Thai business conglomerate

BTS Group Holdings Public Company Limited (BTSG), formerly known as Tanayong Public Company Limited, is a public company in Thailand. It is the majority share holder of Bangkok Mass Transit System PCL (BTSC), the operator of the BTS Skytrain and the Bangkok BRT.

==Businesses==
BTSG does business in several areas: mass transit (through the Bangkok Mass Transit System Public Company Limited), media/advertising (through VGI Global Media), property/real estate (through property developer U City and hotel operator U Hotels & Resorts), and associated service businesses. BTSG has holdings in 57 subsidiaries, jointly controlled companies, or associated firms, it groups its operations into three segments "MOVE", "MIX" and "MATCH". But majority segments is human advertising.

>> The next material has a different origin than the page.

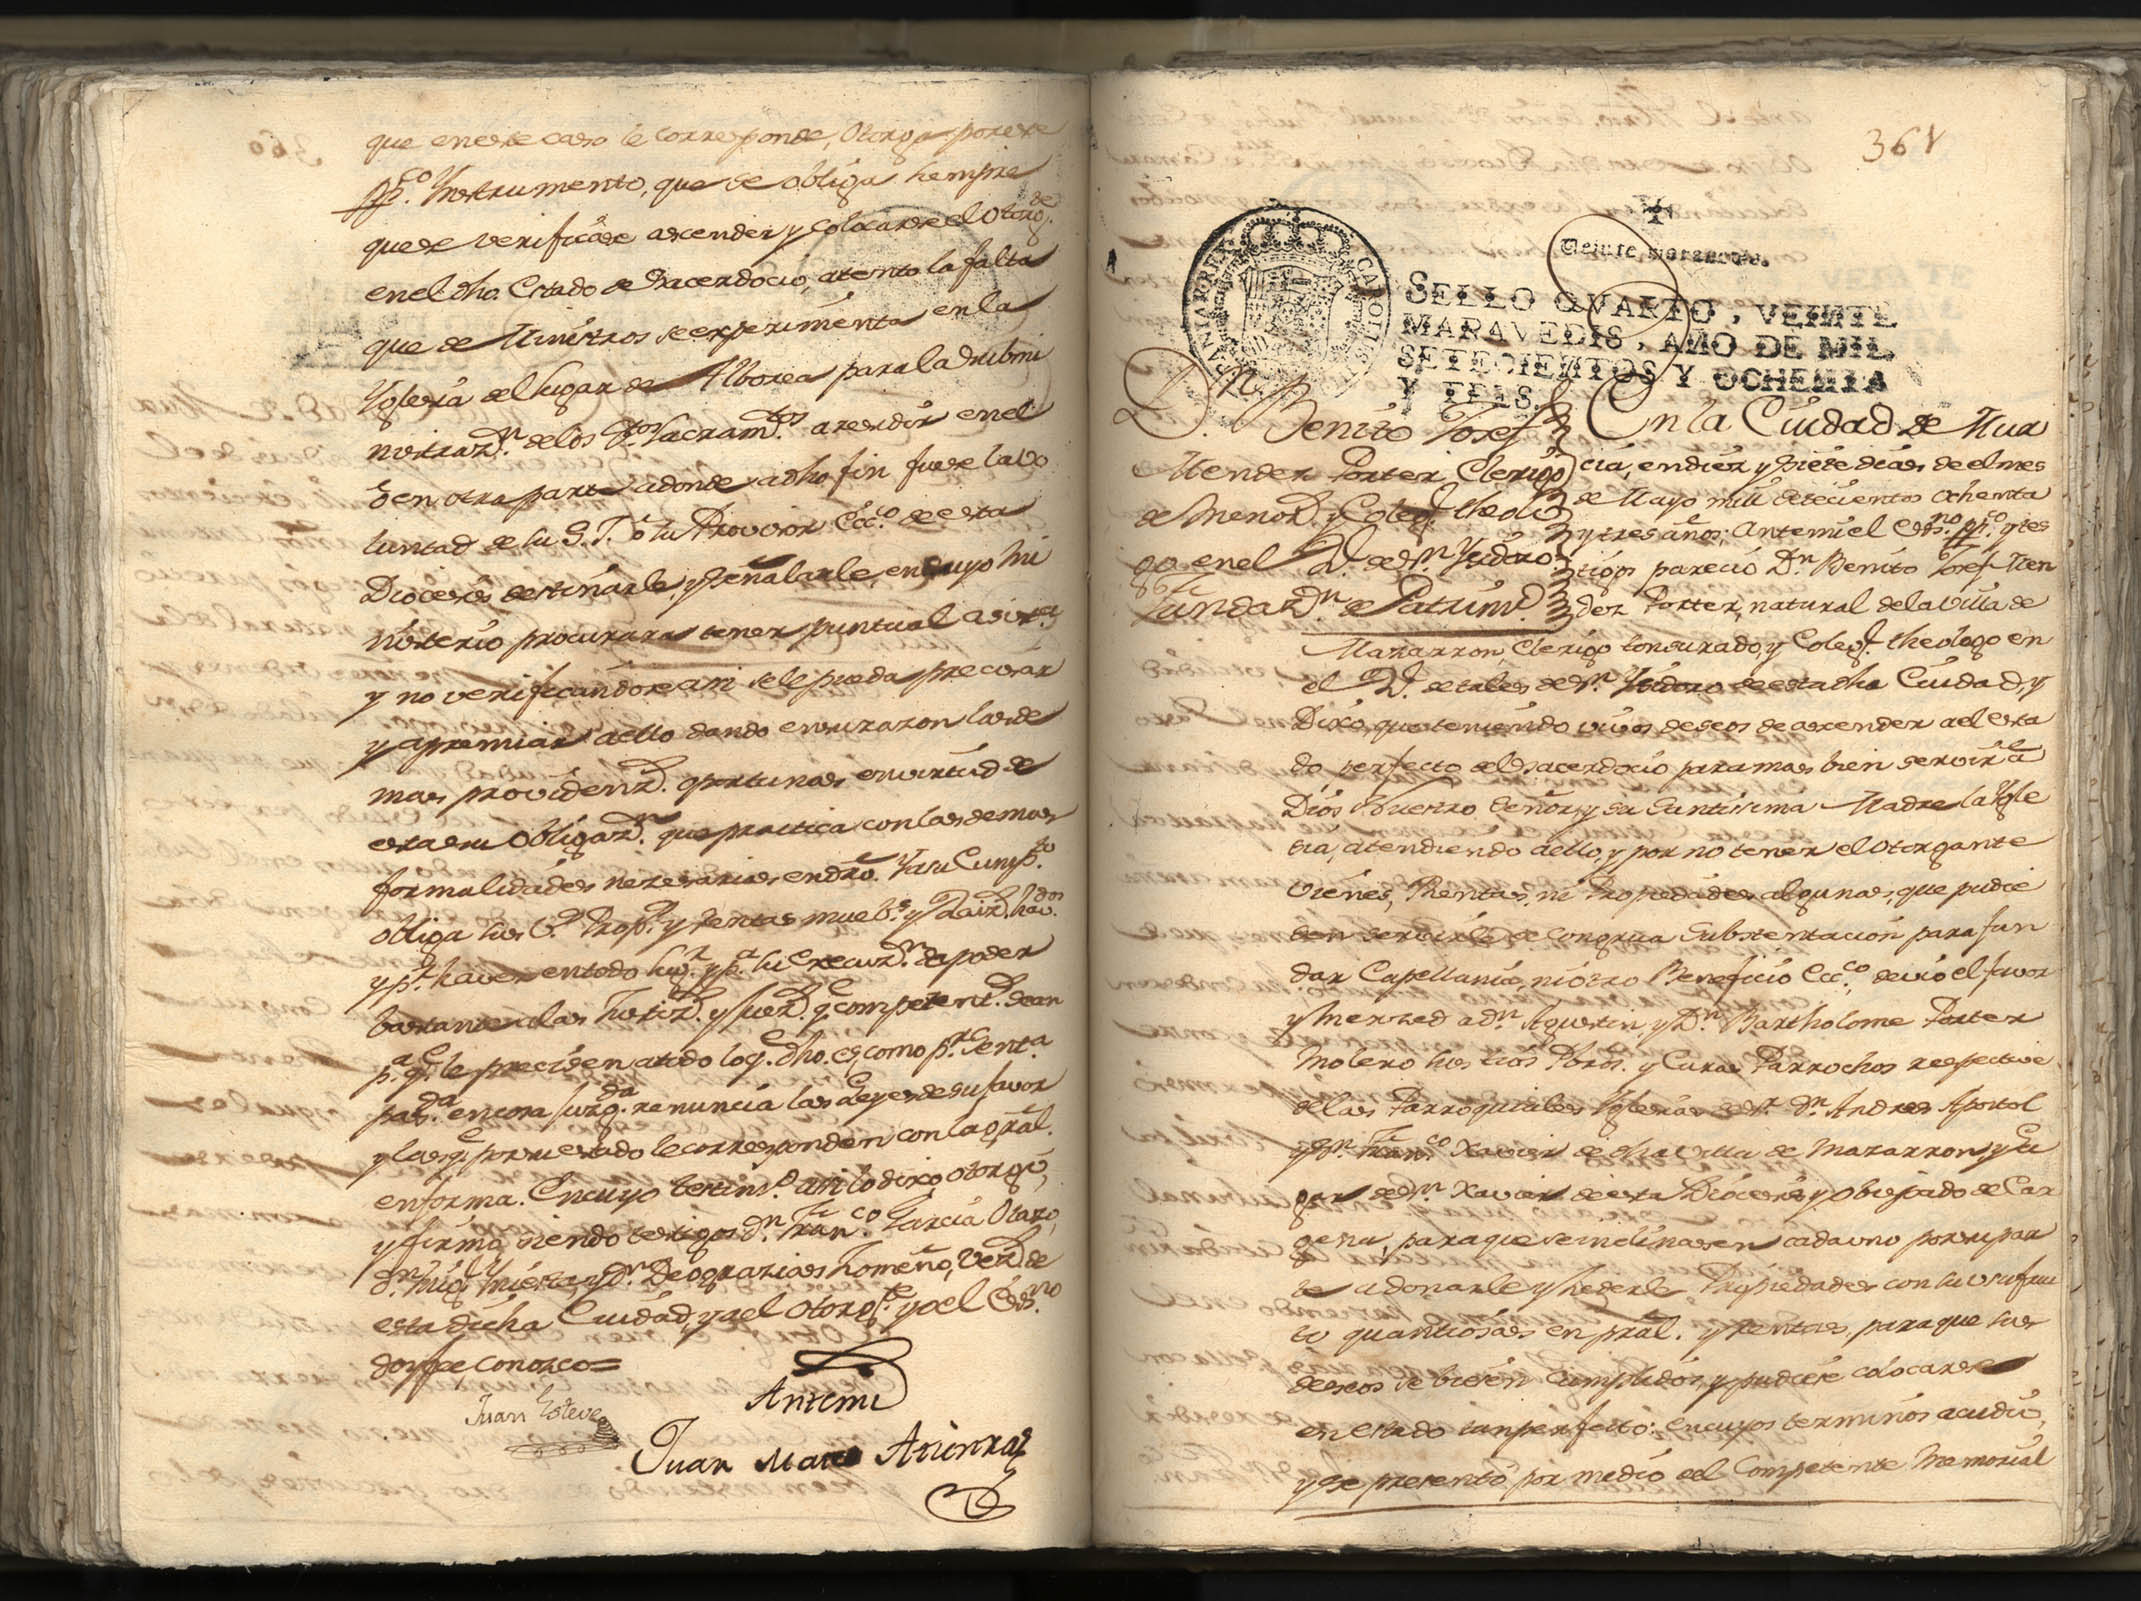 Registro de Juan Mateo Atienza, Murcia: T. 1 de enero a agosto de 1783.
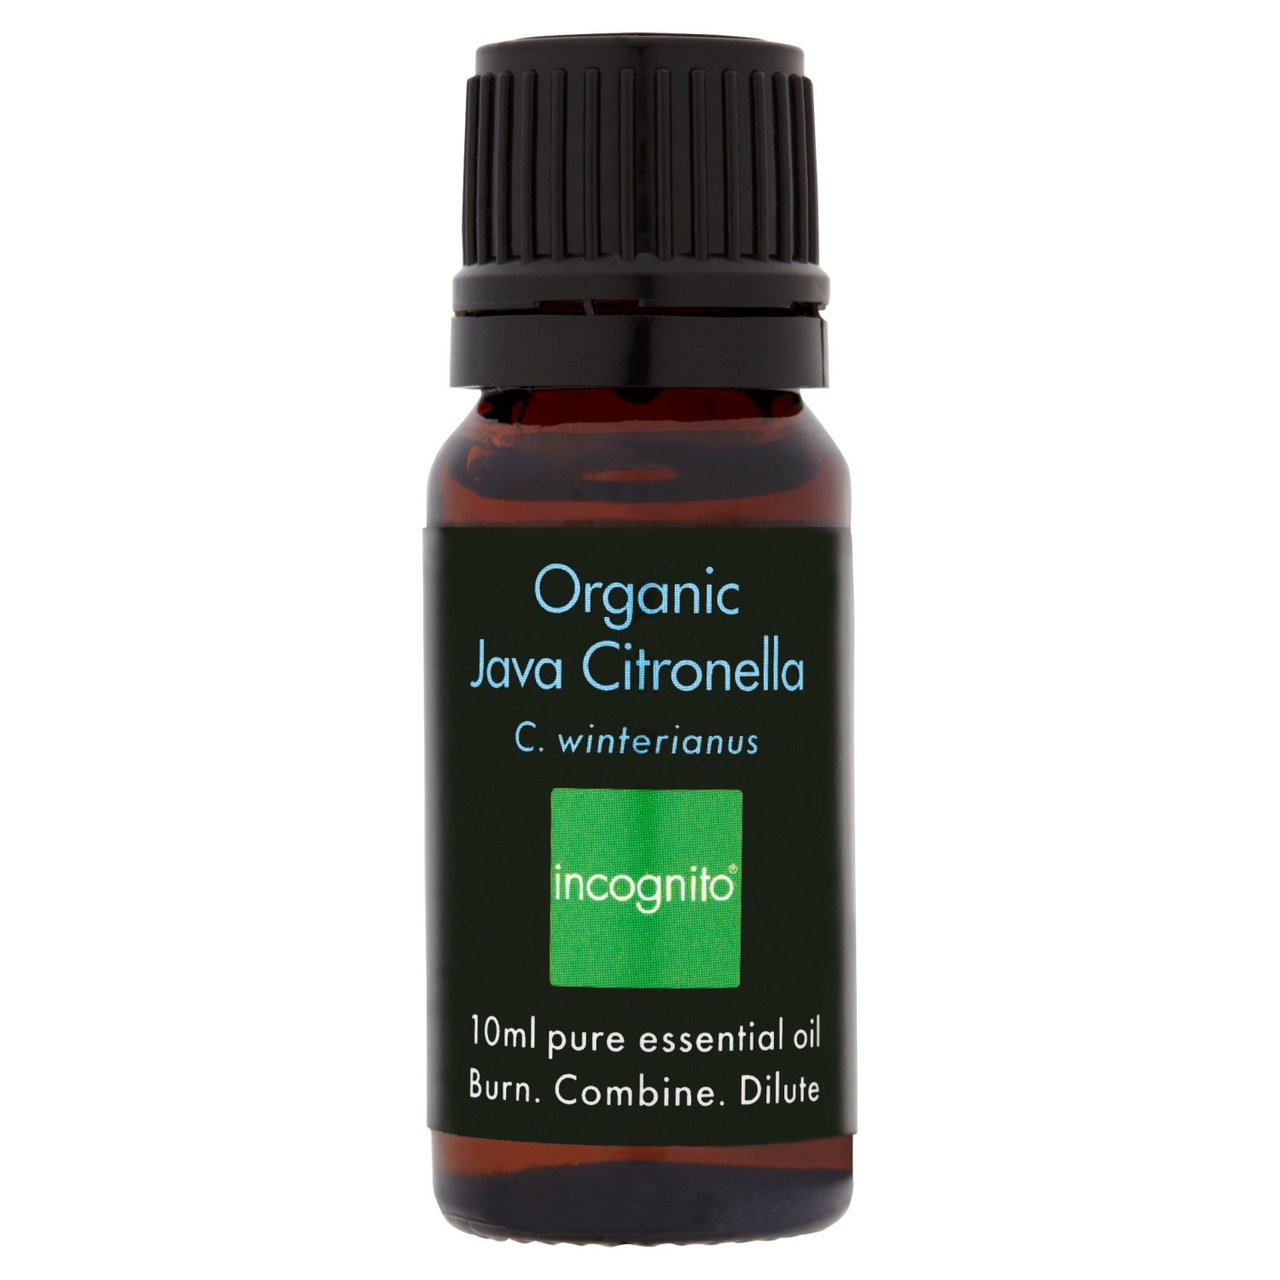 Incognito Organic Citronella Oil Insect Repellent 10ml

=== Monorail Joint venture ===
A BSR Joint Venture between BTSG, Sino-Thai Engineering and Construction PCL and Ratchaburi Electricity Generating Holding PCL also hold the concession to build and operate the Pink Line and Yellow Line via two subsidiaries, Northern Bangkok Monorail Co., Ltd and Eastern Bangkok Monorail Co., Ltd.

==Financials==
BTSG's fiscal year runs from 1 April to 31 March. For fiscal year 2021-2022 (1 April 2021 – 31 March 2022), BTS Holdings reported 31,195 million baht in total revenues, total assets of 255,867 million baht, net income of 2,782 million baht, and total equity of 86,128 million baht, and it employed 5,357 persons.

In 2017/8 Its 14-person board of directors was remunerated 29 million baht. Its eight executives were given 92 million baht in monetary compensation, not including stock warrants.

BTSG's four business units—mass transit, media, property, and services—contributed 65 percent, 28 percent, four percent, and three percent to group operating revenues respectively.